Sixty-seven patients (38.9%) had an alternative diagnosis to PMR with the majority having an alternative rheumatological diagnosis (see Table 1). The non-PMR diagnoses included seropositive inflammatory arthritis (4), seronegative inflammatory arthritis (17), inflammatory myopathy (4), RS3PE (1), crystal arthropathy (2), reactive arthritis (2), sarcoidosis (1), polyarteritis nodosa (1), ANCA vasculitis (4), OA (17), fibromyalgia (FM) (3), OA/FM overlap (9), and paraneoplastic (2) including ovarian cancer and prostate cancer. Some 57.3% of the non-PMR patients required at least one further rheumatology consultation.

Patient characteristics

The mean age of this PMR cohort at diagnosis was 70.95 years [±7.95]. The baseline ESR in those with new PMR was 46.6 mm/h [±27.4] compared with 39.3 mm/h [± 27.1] in those with an alternative diagnosis to PMR (P = 0.11) (see Table 2). The mean baseline CRP in new PMR was 36.1 mg/l [±37.7] compared with 21.5 mg/l [±30.7] in those with an alternative diagnosis (P = 0.0018). Some 89.5% of those with a clinical diagnosis of new PMR made by two consultant rheumatologists met the 2012 ACR/EULAR PMR classification criteria [15]. In addition, 71% of patients with a non-PMR diagnosis also met the classification criteria (P = 0.010), highlighting caution against use as a diagnostic criterion. The median (interquartile range) number of days from symptom onset until PMR diagnosis in the fast-track clinic was 63.5 [30–95] days.

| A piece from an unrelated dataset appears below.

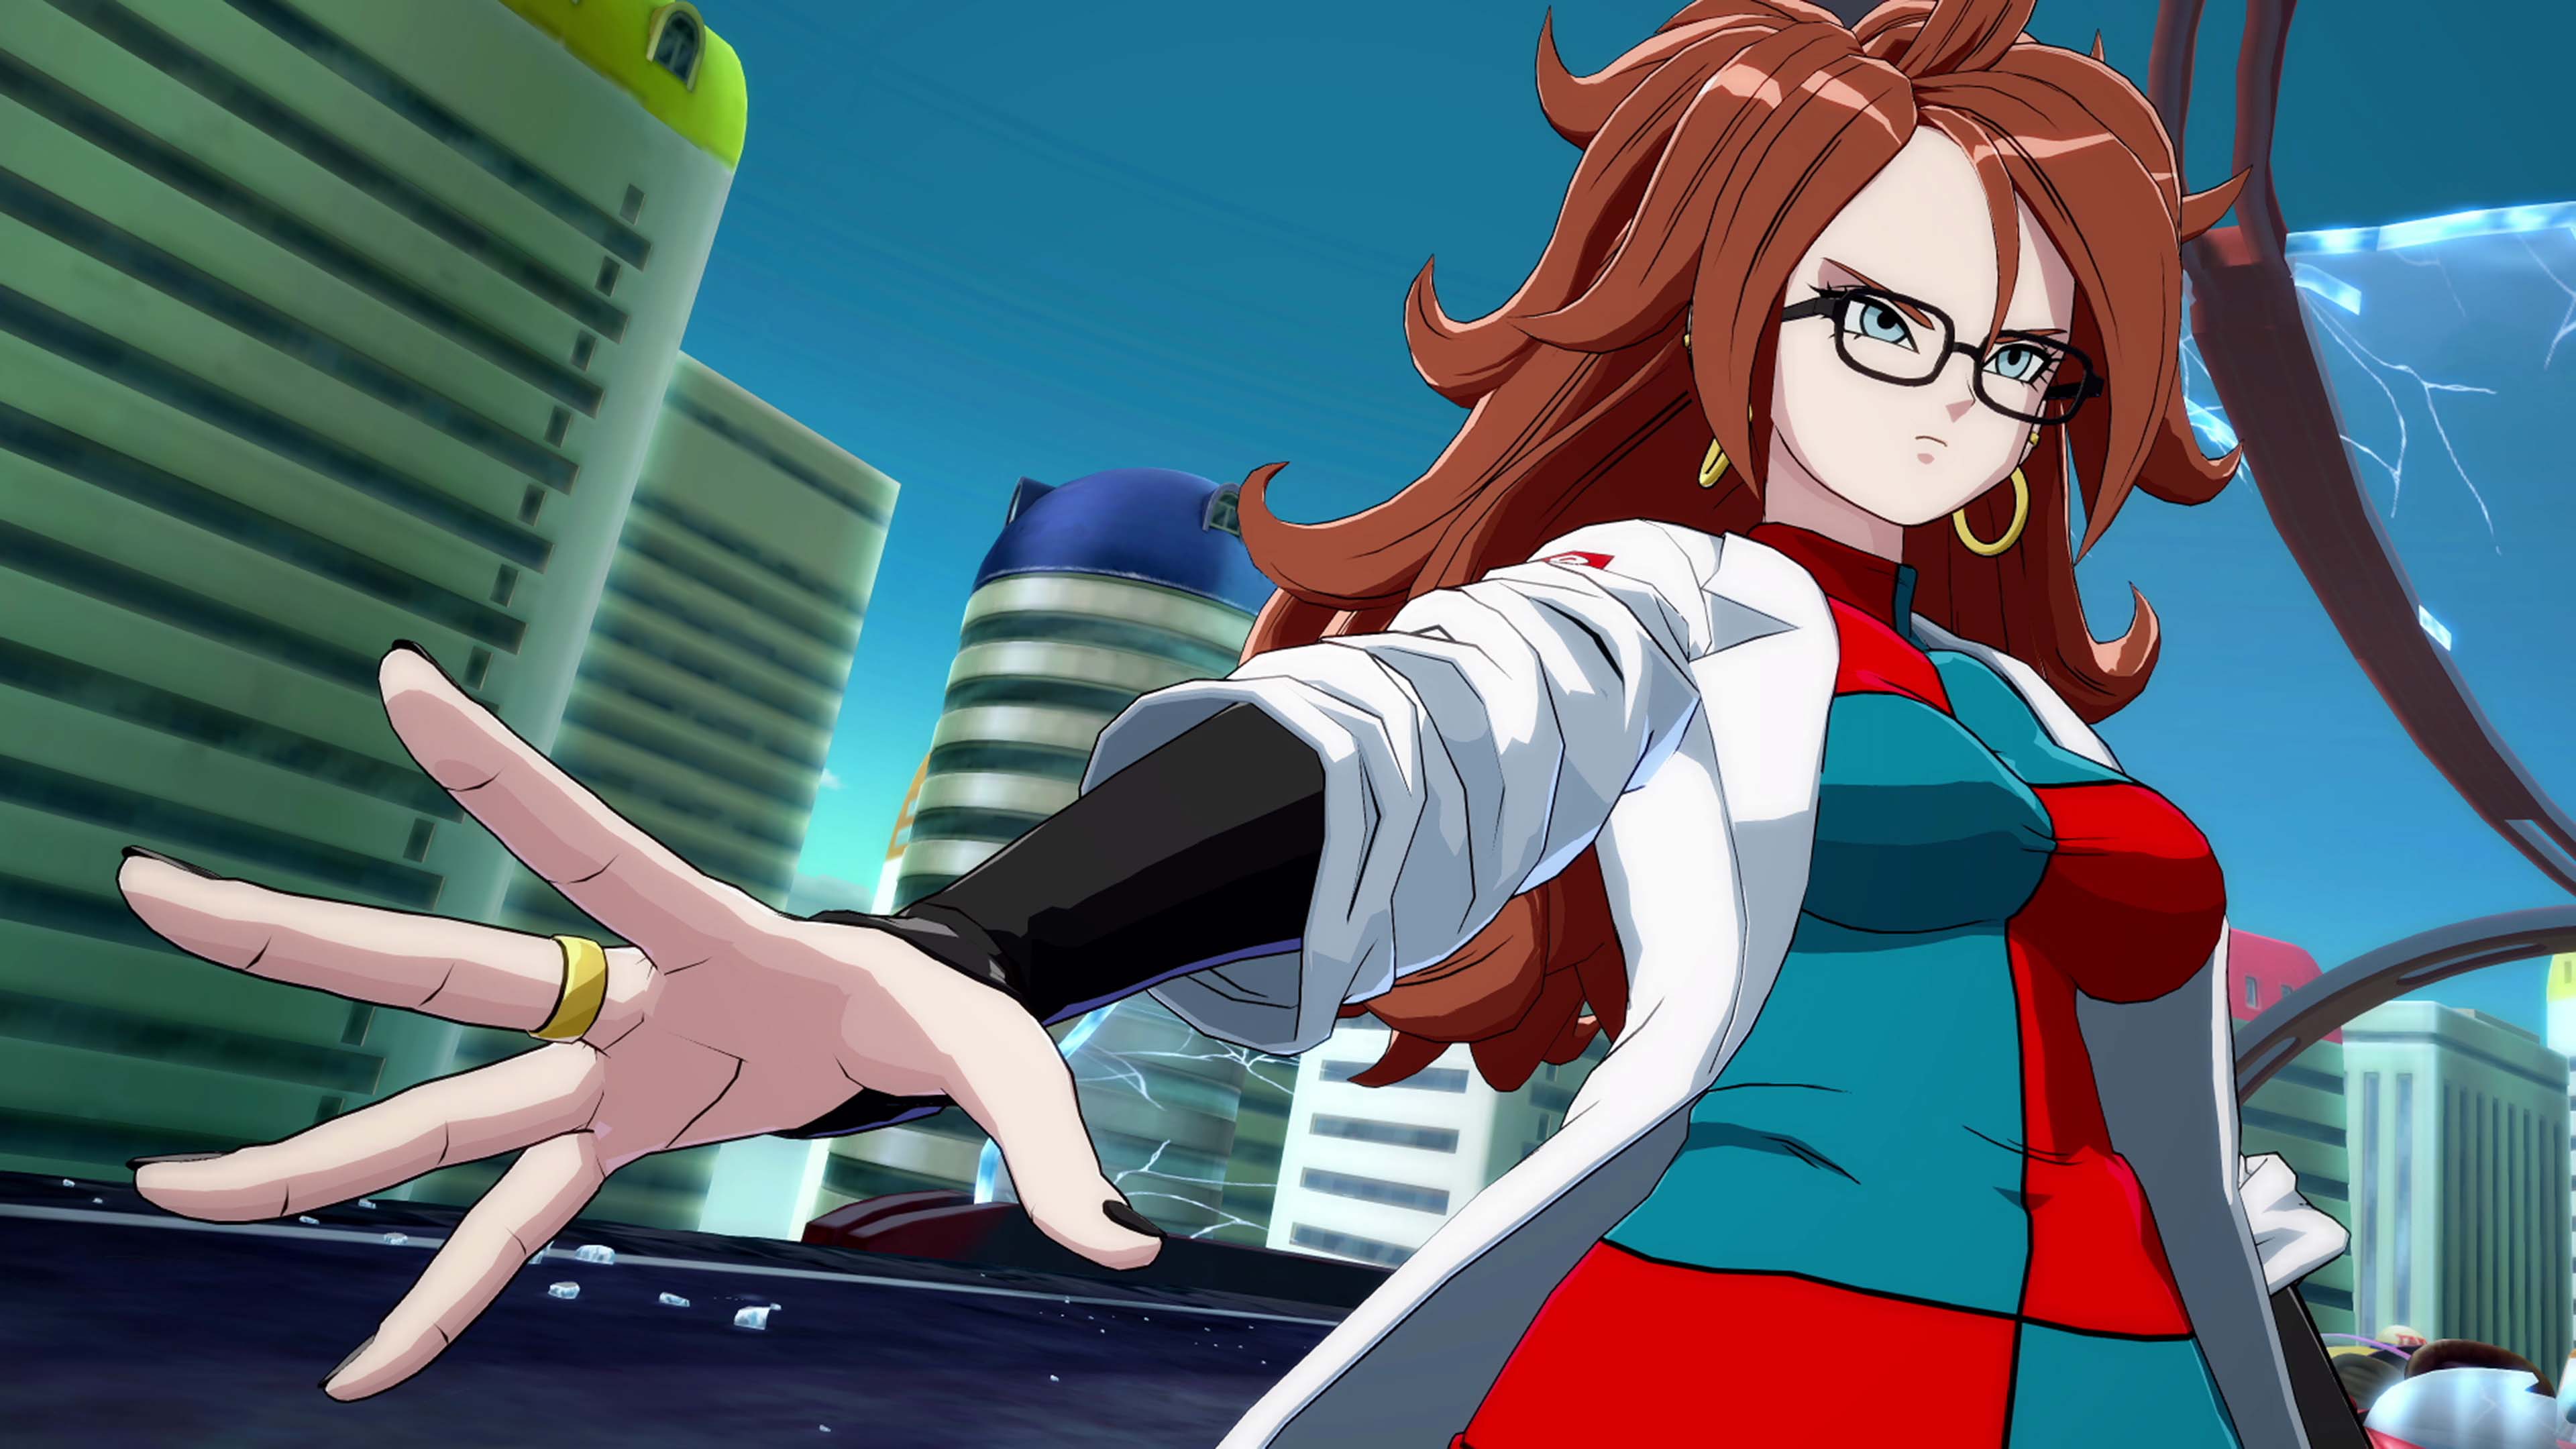 DRAGON BALL FIGHTERZ - Android 21 (Lab Coat)

The PMR cohort had a mean of 2.5 other comorbidities, with a median Elixhauser Comorbidity Index score of 0. The most common comorbidities affecting >25% of PMR patients were hypertension (58%), hyperlipidaemia (51%), OA (30%) and obesity (27%). Significantly 14% had type 2 diabetes at the time of PMR diagnosis. A substantial amount of PMR patients (74%) were either overweight or obese (see Table 3). There was also a considerable smoking history with 8% being active smokers and 45% ex-smokers.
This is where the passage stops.